Wie schaffe ich es das jedes mal wenn ein Wert geändert wurde (egal wer ihn geändert hat) mein jTable aktualisiert wird.
Das Programm läuft später auf mehreren PC gleichzeitig.

Hoffe ich habe es nicht zu kompliziert erklärt.

MFG


----------



## Guest (24. Sep 2005)

Ein einfaches Beispiel habe ich gerade nicht zur Hand, aber es lässt sich u.a. wie folgt lösen.

1) jeder Datensatz muss eindeutig identifizierbar sein, es reicht nicht nur die anzuzeigenden Werte zu übertragen.
Klartext: Die PK's (Primary Keys) der Datensätze musst du auch übertragen.
2) Wenn die Daten, die beim Client ankommen, versteckte Daten enthalten (z.B. die PK's), dann brauchst du
eine modififzierte Implementierung des TableModel, die nur die Spalten anzeigt, die du haben möchtest.
3) Serverseitig musst du Updates in Transaktionen durchführen
4) Änderungen kannst Du mit z.B. Versions-Pattern erkennen (zusätzliche Spalte in der Tabelle, die bei jedem Update 
inkrementiert wird) SELECT vor UPDATE ist nötig.
5) Nach jedem Update schickst Du eine JMS Message mit den PK's der geänderten, gelöschten oder hinzugefügten
Datensätze
6) Clientseitig wartest Du auf solche Messages und holst neue oder geänderte Datensätze vom Server bzw. entfernst 
clientseitig die gelöschten Datensätze aus dem TableModel.

Wie du siehst, ist es keine Sache für paar Zeilen Beispielcode.

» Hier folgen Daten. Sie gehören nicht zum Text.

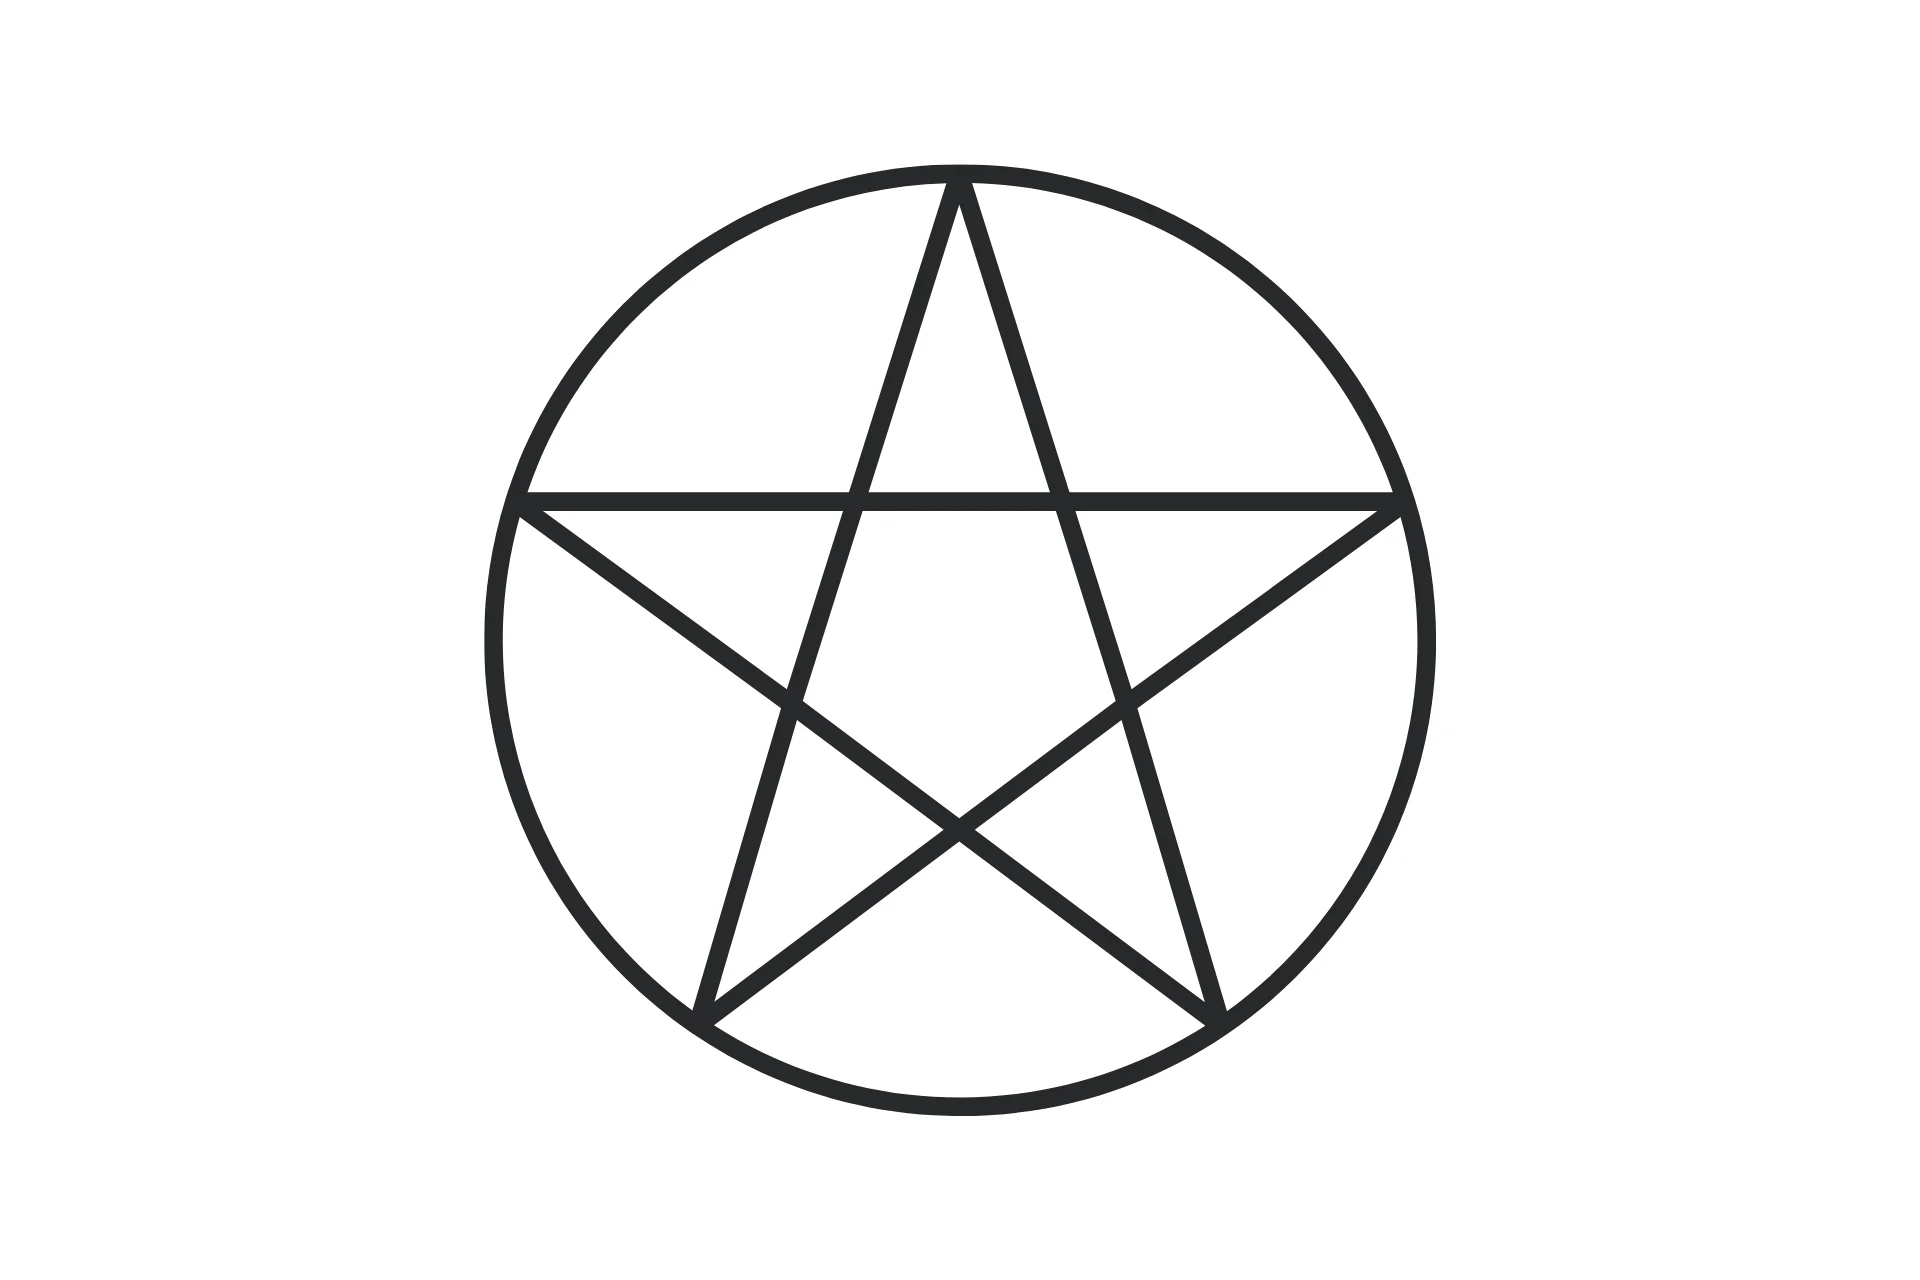 Pentagram spirituális szimbólum

Es hängt auch davon ab, was
du da serverseitig am Laufen hast.


----------



## Der_Konfigurator (28. Sep 2005)

Also ich nehme an du greifst direkt aus deinem Programm auf die Datenbank zu ?

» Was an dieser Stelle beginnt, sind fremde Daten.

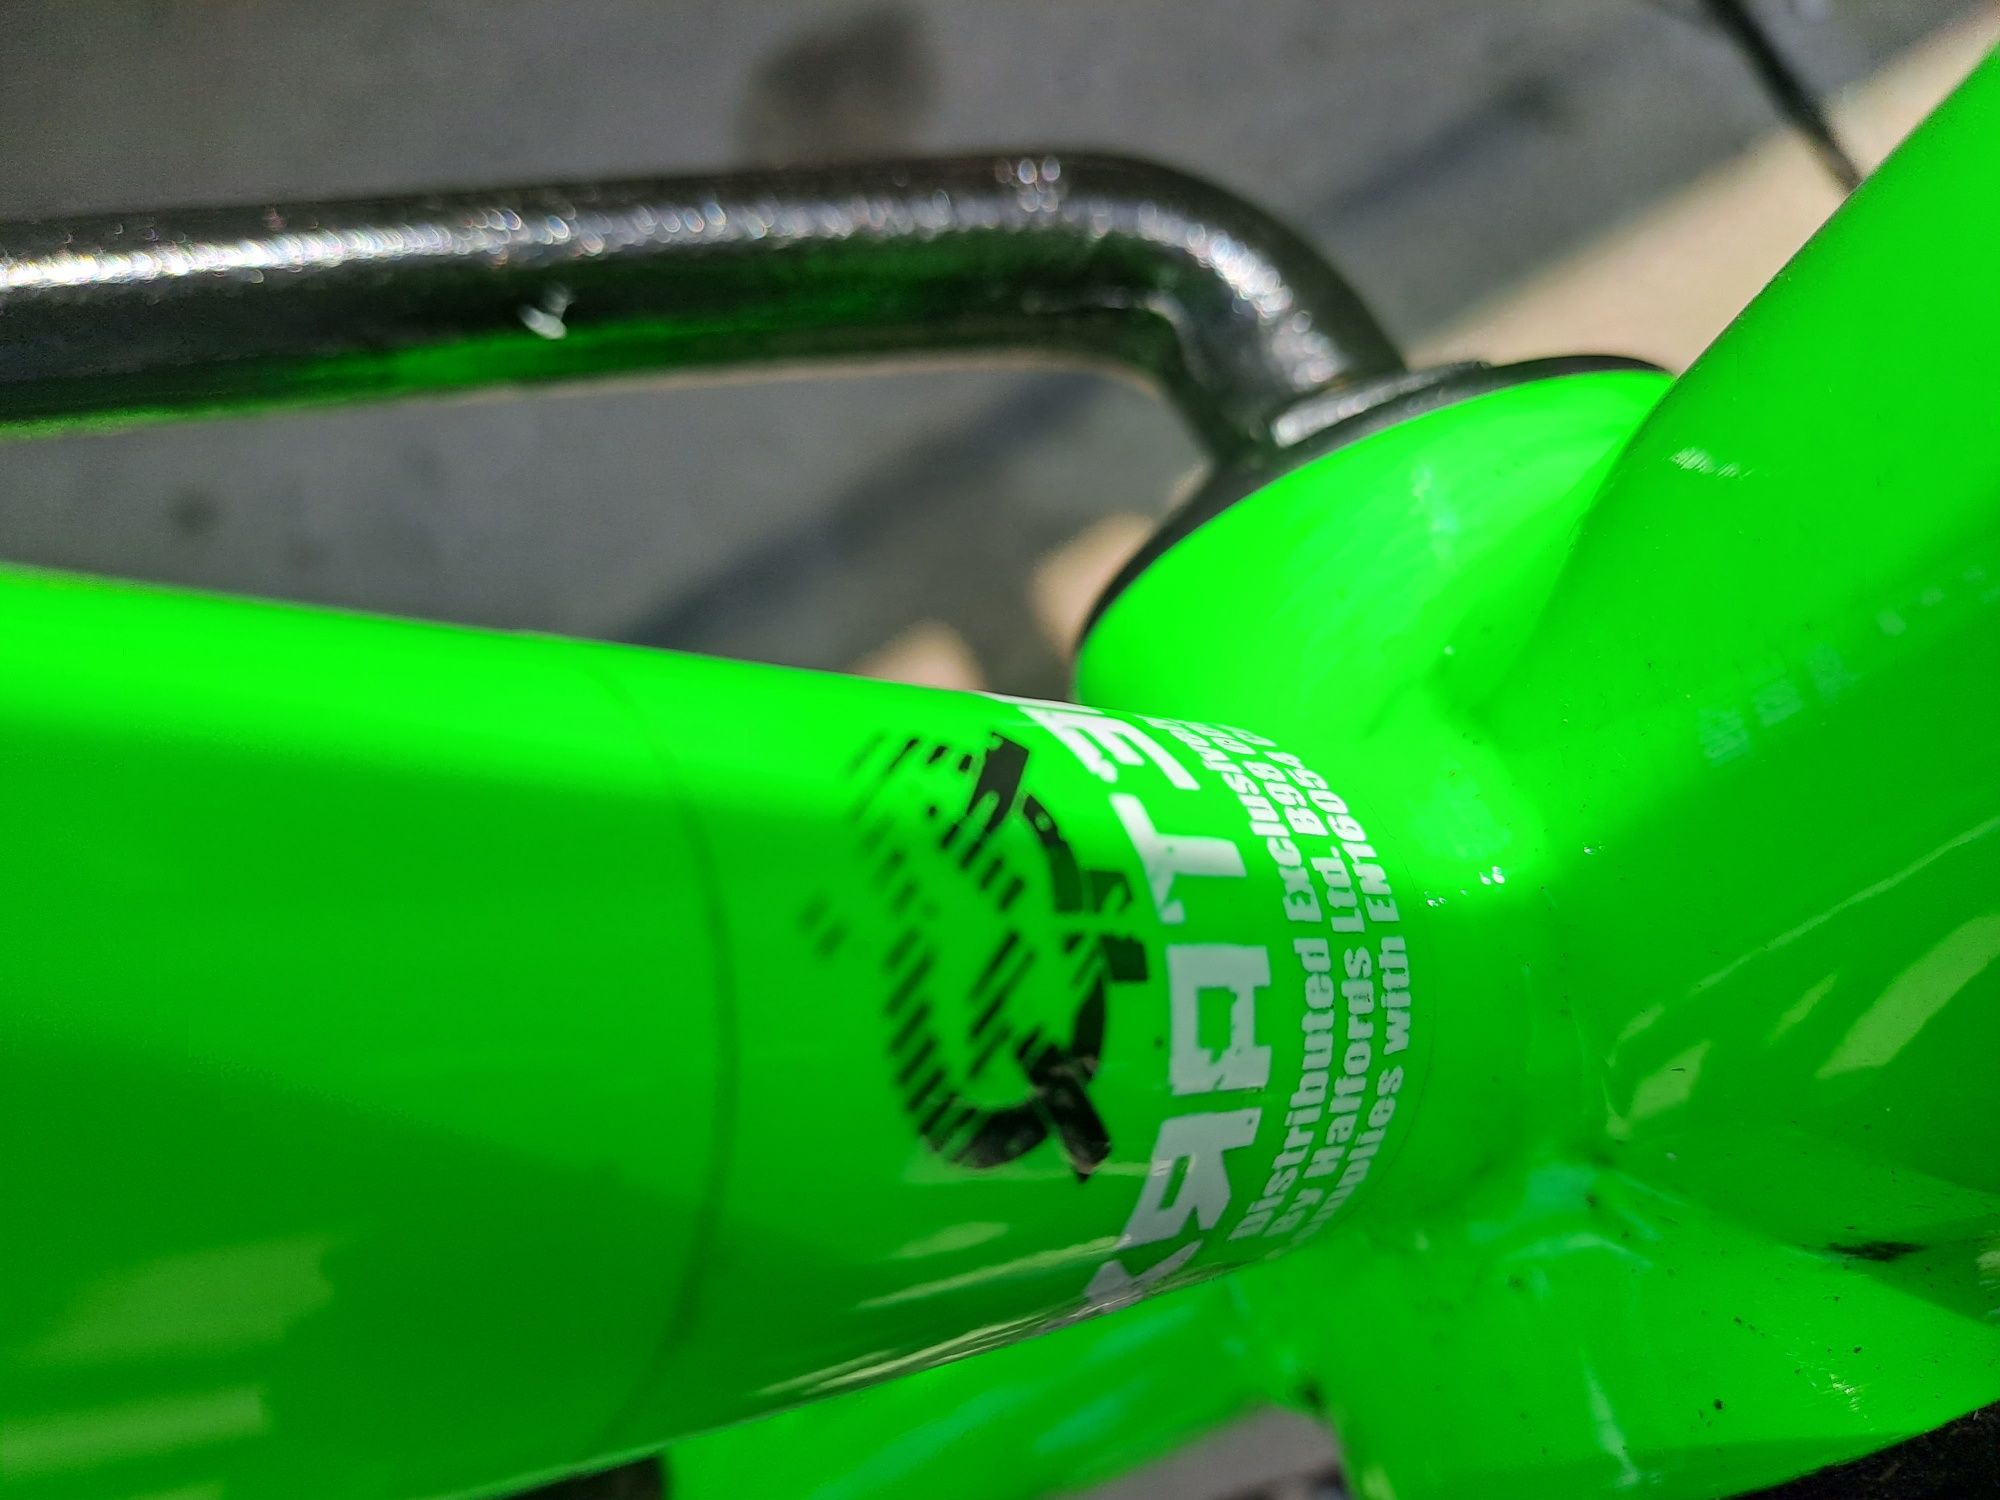 Bicicleta BMx fat X Rated Neon 24

Es gibt eine Möglichkeit diese updates Relativ Simple zu realisieren.

Das Zauberwort heißt RMI mit Callback Verfahren. (Remote Method Invocation)
Hierfür wäre es aber notwendig das du dein Programm in einen RMI-Client verwandelst der Remote Methoden zum updaten der Tables anbietet, was nicht weiter tragisch ist und auf der Datenbank Seite , einen RMI - Server realisierst der deine SQL Anfragen an die Datenbank weiterleitet und die Results liefert. Das ist eigentlich auch kein großer Aufwand.

Der Vorteil: Jeder Client der sich auf den Server connected, kann von dir in einem Vector gespeichert werden.
Hierbei wird nur eine Referenz auf das RemoteObjekt gespeichert. 
Wenn jetzt ein Client Daten ändert, kannst du über den Vector laufen und bei jedem Client die Update methoden aufrufen. Somit tun sich deine Tables dann refreshen.

Über RMI gibt es gute Beispiele bei Sun, hört sich kompliziert an ist es aber nicht.

Hoffe es hilft dir.


----------